> [Work request]
Copy each line below word for word and drop every image.

> [Data provided]
....

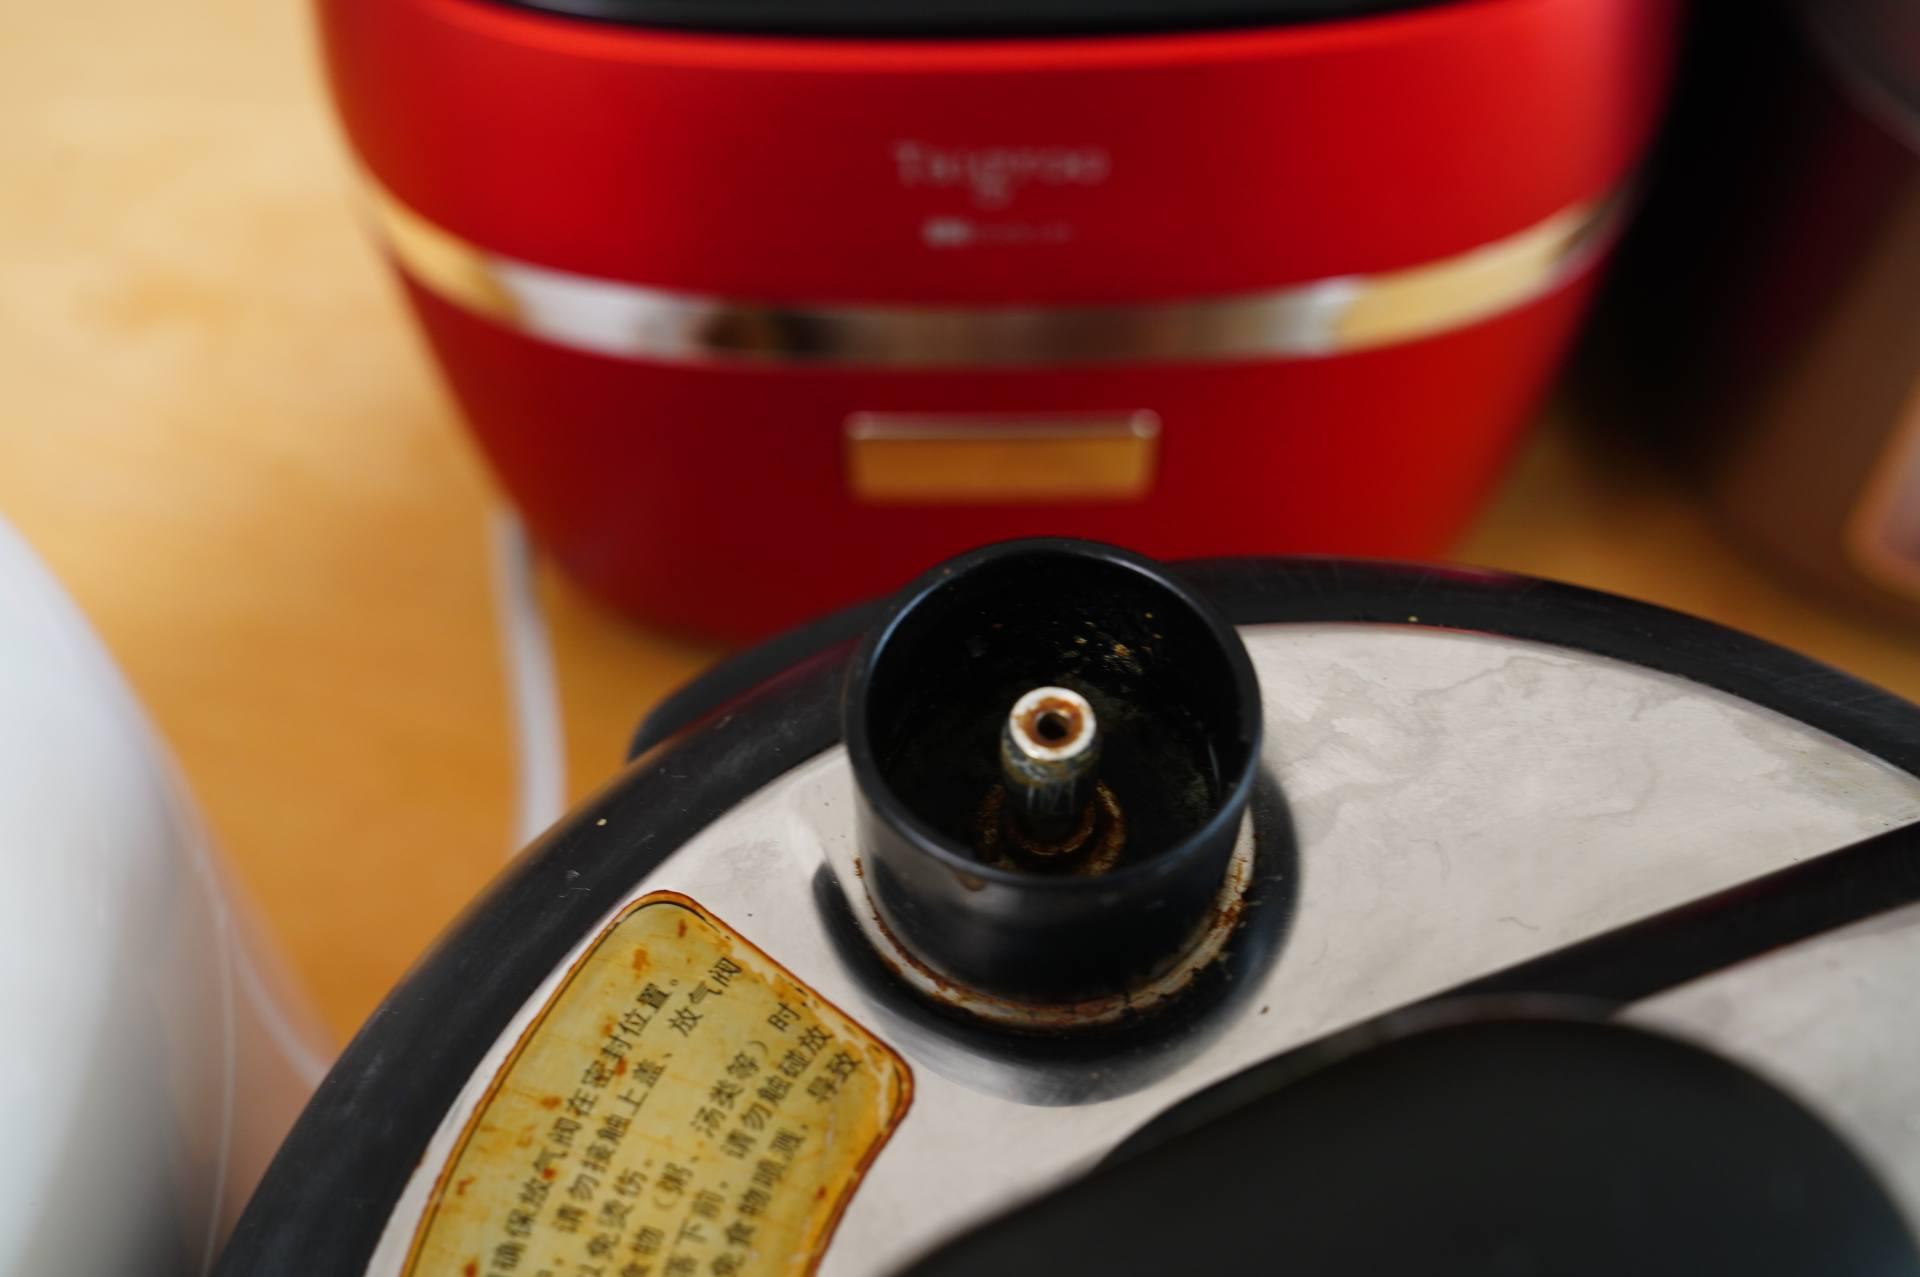 老牌还是新派,电压力锅这样挑才能不吃灰
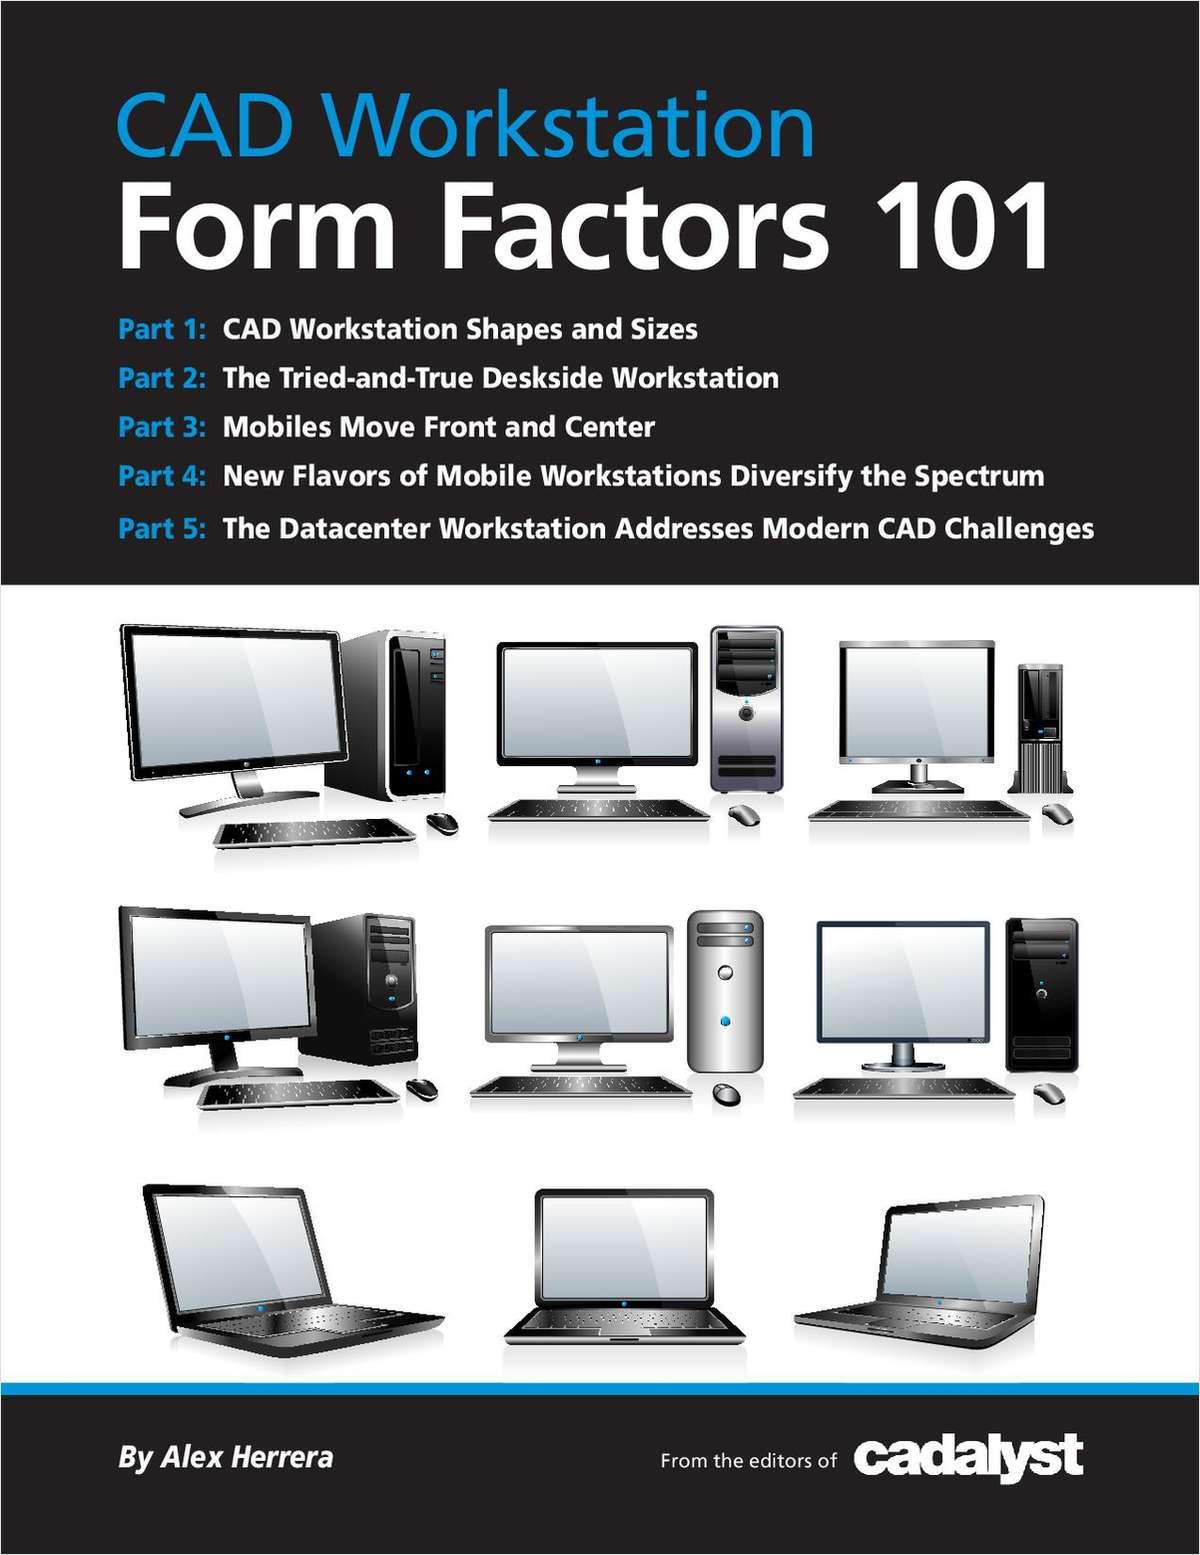 free form workstation  CAD Workstation Form Factors 6, Free Cadalyst Magazine ...
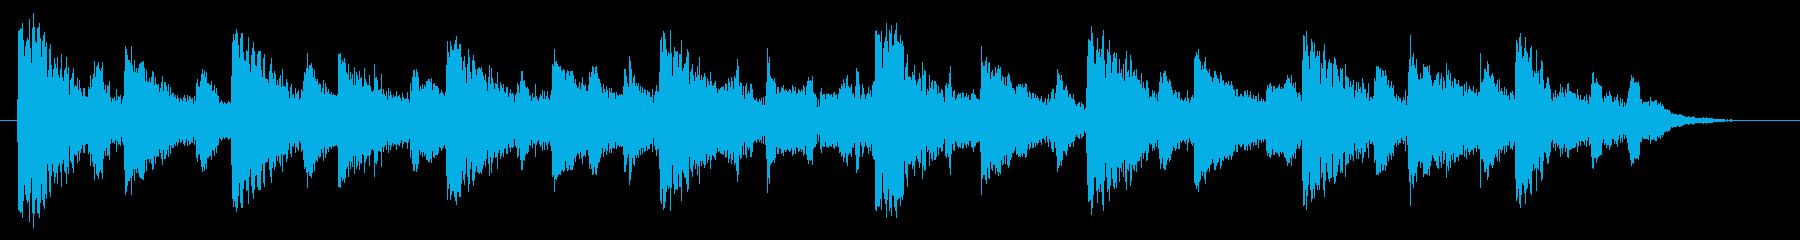 和風ワルツの15秒CM用楽曲:桜の舞の再生済みの波形

....

> [Written solution]
 老牌还是新派,电压力锅这样挑才能不吃灰
 free form workstation  CAD Workstation Form Factors 6, Free Cadalyst Magazine ...
 和風ワルツの15秒CM用楽曲:桜の舞の再生済みの波形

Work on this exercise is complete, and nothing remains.